REPORT

Workers spending less as prices soar - Cotu study

Unemployment has persisted over the past year and continues to rise with several companies closing shop from Kenya

In Summary

•For many employed workers, the current levels of taxation drain their incomes leaving them with very little disposable income

•These include the recently introduced the Affordable Housing Levy (AHL) of 1.5 per cent and the proposed 2.75 per cent contribution to the Social Health Insurance Fund

Shoppers in a supermarket. Kenyans have been grappling with high commodity prices especially in the food items category.
Shoppers in a supermarket. Kenyans have been grappling with high commodity prices especially in the food items category.
Image: FILE

Each passing day is a struggle for majority of workers in the country, according to a new survey by the Central Organisation of Trade Unions (Cotu)

It says that with the rising cost of living, some workers can barely afford to put food on their table while those who can do so have been forced to cut o their purchases.

This is as per the findings in a report released by the Central Organisation of Trade Unions on Wednesday.

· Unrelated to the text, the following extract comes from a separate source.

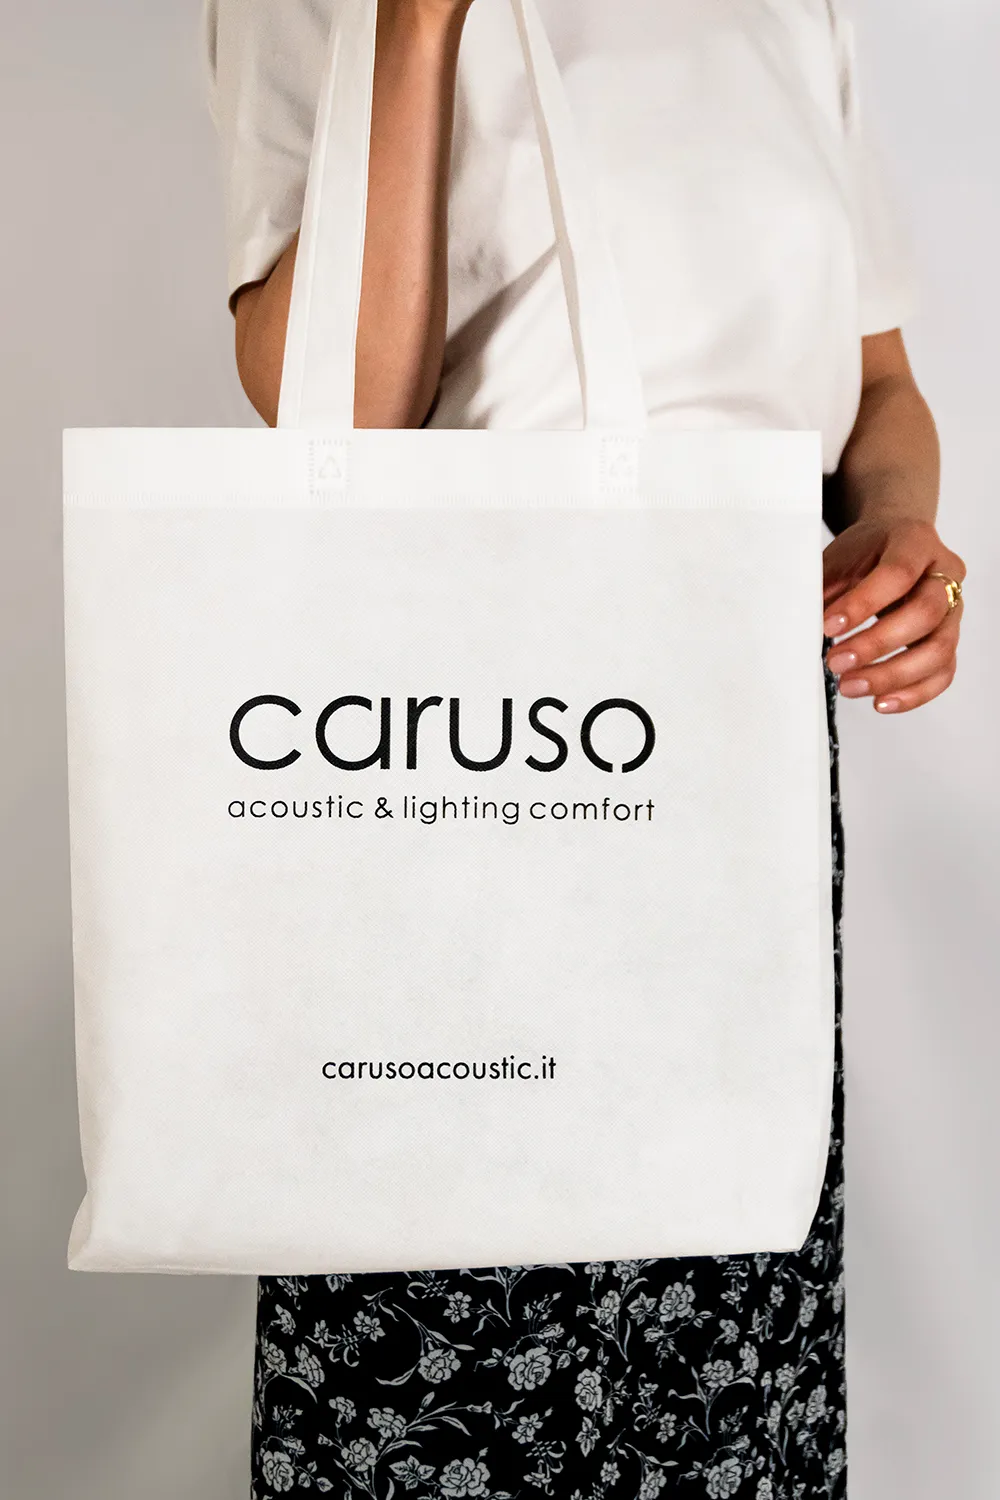 Immagine coordinata: Logo, biglietti da visita e bags Caruso Acoustic

The report titled 'Turning The Tide On Kenya’s Economy: Recovery and Prosperity Through The Workers’ Lenses’ was released on Wednesday

It says that over the past one year, the steady rise in prices of essential commodities such as electricity and fuel has forced workers to reduce the basket of items they can purchase with their income.

The findings reflect those of an Infotrack survey released on Monday in which 70 percent of Kenyans said they couldn’t make ends meet.

According to the finding by Cotu, the current levels of taxation have drained many employed workers leaving them with very little disposable income.

These include the recently introduced the Affordable Housing Levy (AHL) of 1.5 per cent contributed by both the employer and the employee based on gross pay and the 2.75 per cent contribution to the Social Health Insurance Fund.

Of great concern among workers is the persistent unemployment over the last one year as companies close shop in Kenya and opt for neighbouring countries.

This has been occasioned by the high taxation rates introduced by the government in its effort to raise more revenue.

“Unemployment has persisted over the past year and continues to rise with several companies closing shop from Kenya and moving to other neighbouring countries like Tanzania due to increasing cost of doing business as the government imposes more taxes in its attempt to raise revenue,” Cotu Secretary General Francis Atwoli says in the report.

This has led to increased declaration of redundancies with the Federation of employers (FKE) estimating that about 70,000 formal jobs were lost in Kenya between October 2022 and November 2023.

 “More job losses are expected as employers contemplate of further downsizing as a coping mechanism with the drastic increasing in operating costs in Kenya,” the report says.

According to the report, workers are of the opinion that corruption draws too much from the economy perhaps more than the annual national budget denying the country so much in tax revenues since proceeds of corruption are not subjected to taxation.

"Workers have been devastated at the breaking news on corruption cases in Kenya that span the era of the founding to the current fathers of the Nation,” the report says.

In February 2023 for example, the European Union warned Kenya of the possibility of being blacklisted by foreign investors because of corruption and money laundering.

This, the report says denies Kenya of the much-needed employment opportunities that come with foreign direct investments since corruption increases costs of doing business in Kenya.

The report raises concern that numerous corruption cases have tainted the country’s public procurement as only individuals who bribe the process get government tenders thereby leading to inefficiencies in the market.

The workers have also expressed concern that the country has continued to sink deep into debt due to over borrowing.

Workers are of the opinion that rampant borrowing by the government especially from the IMF and the World Bank that are accompanied with strict conditions that starve the economy of the much needed growth.

“Considering this increase, and given that the government is continually borrowing to pull itself out of the cash crunch, things are not looking better,” Atwoli said.

The report calls on the government to swiftly restore investor trust since several investors continue to shop for investment opportunities in the country.

It further recommends that the country adopt zero tolerance to corruption by investing in human, physical and financial resources for corruption surveillance and crackdowns.